The interesting thing about “data” is that it can take different forms as its uses varies. For instance, pure data is usually stored in a pure “database”. But this other animal, “meta-data”, which is usually used by programs to affect how they behave… it’s not so clear-cut how that data gets stored. But when those meta-data stores end up in files, it starts to make the usage of them a little bit more akin to a “document” than just pure data store.

A perfectly valid and long-held usage for key-value pair setting is configuration files. Almost every major web application framework in existence today, and an enormous amount of the web-related software (web, DNS, etc) out there, have taken their cues from the earliest days of Unix/Linux and used simple key-value pair configuration files.

Consider PHP.ini or Apache’s httpd.conf

These files have been around forever, and have for the most part always been about exposing configuration variables and letting administrators tinker with their values. Of course, every different piece of software defines it’s key-value pair syntax slightly differently. Some use =, others use :, some use quotes, some don’t, etc.

But you know what the other almost universal characteristic of these file formats is, besides the key-value pair syntax? That’s right, you guessed it. Comments!

Why on earth would we do such a silly thing as to put comments in our configuration files?
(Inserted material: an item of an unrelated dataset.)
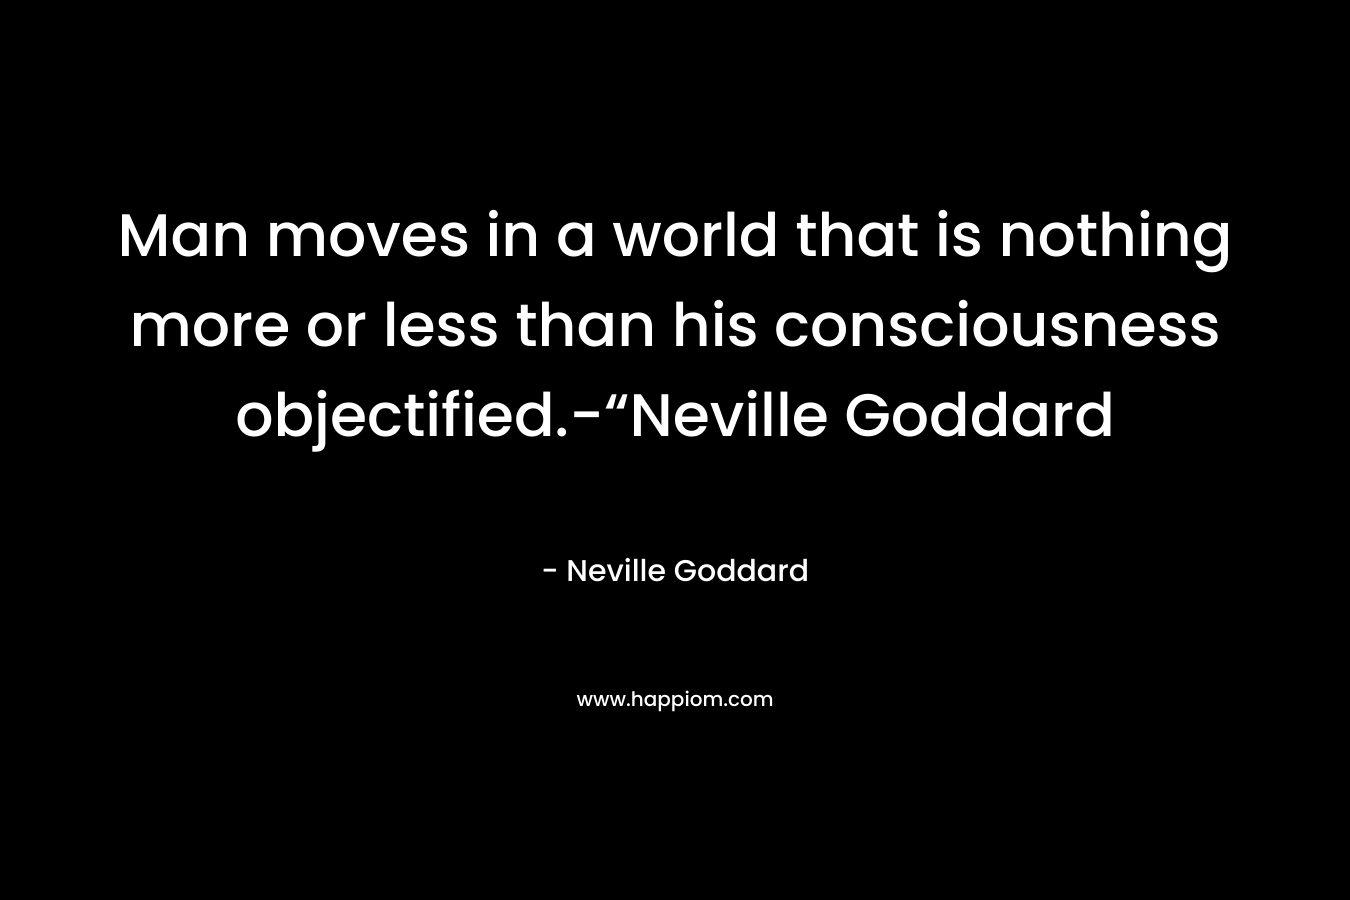 Man moves in a world that is nothing more or less than his consciousness objectified.-“Neville Goddard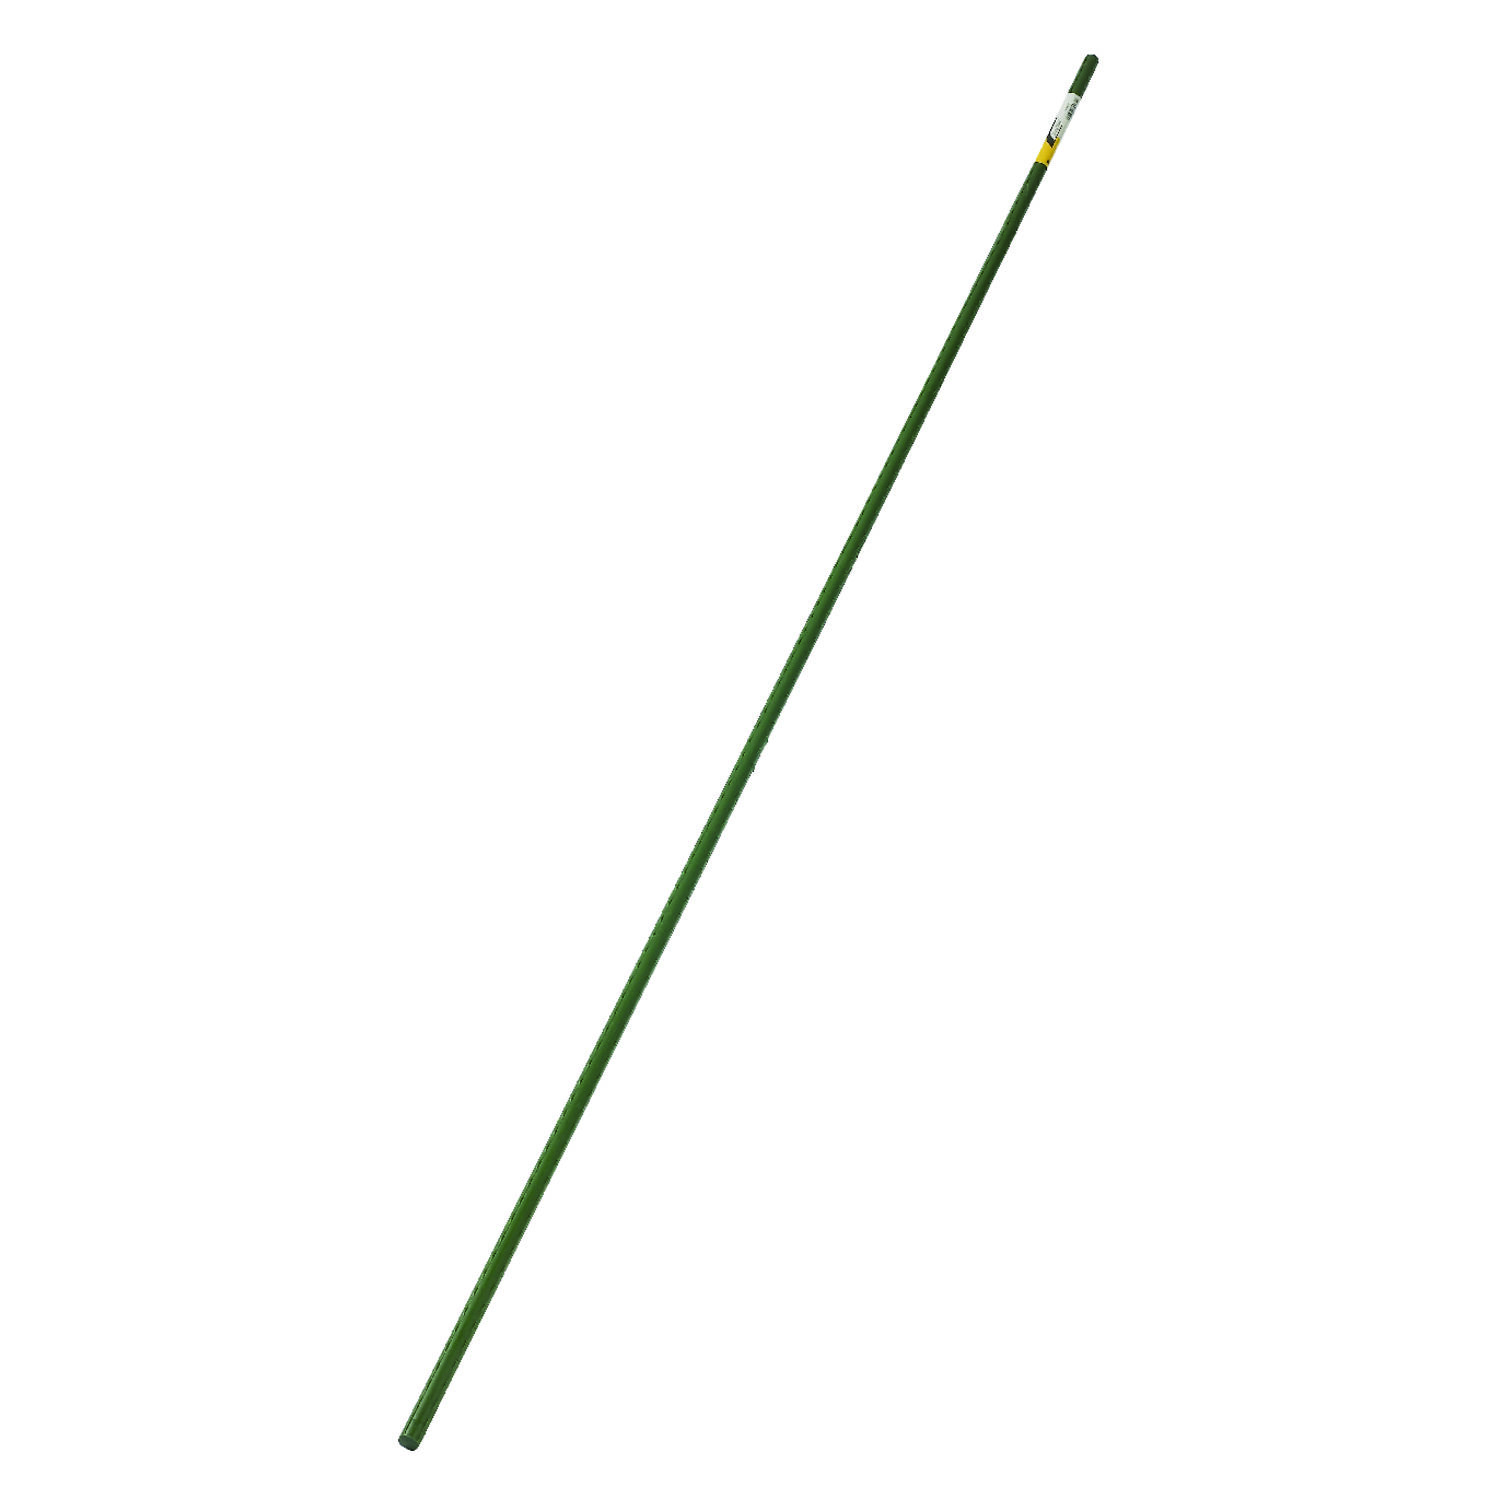 W L x 1-3/4 in Bond Manufacturing  Green  Bamboo  Garden Stakes  2 ft

I heard various arguments to this affect on twitter yesterday, amounting to “the variable name should be descriptive enough to explain it’s possible values” or “if documentation for variables/values is needed, it belongs in a separate document called a manual.”

Well, I can’t really explain why like 99% of all web software went with flat configuration files (with comments!), but they did. And I’ll tell you, as one who regularly maintains my own web servers and thus web server software, I definitely appreciate having comments in my configuration files. I can’t imagine how painful editing PHP.ini or httpd.conf would be if I didn’t have comments right there inline explaining the various valid values and the implications of each.

Configuration files and JavaScript

If we now step back and look at the world of server-side JavaScript, we’ll see the revolution of JavaScript taking over in a lot of web software roles. But the fundamental paradigm of needing to configure this software still exists. We can configure it with command-line arguments when we start up the software, but most people who manage web software prefer to store commonly used configuration parameters in, gasp, a configuration file.

Does it make sense for the server-side JavaScript world to go out and define an entirely new and proprietary format for such flat, key-value pair configuration files? Umm, plainly, no. We should use JSON, right? That just makes sense to me! I figured it would to others too, but apparently I was wrong.

I had many people point me to examples of SSJS configuration files which were .js files. The curious thing to me when I looked at those .js files was that they almost all had a very interesting characteristic. They looked exactly like a JSON document, except for a little bit of extra “stuff”. Was that “stuff” complex JavaScript looping or operators? Nope. Was that “stuff” if-statements with conditional logic? Nope.

That “stuff” was comments. Huzzah! Oh, and yeah, that “stuff” was also something like an assignment of the JSON literal to a global JavaScript variable, or in some cases passing the JSON literal to a global function JSON-P style.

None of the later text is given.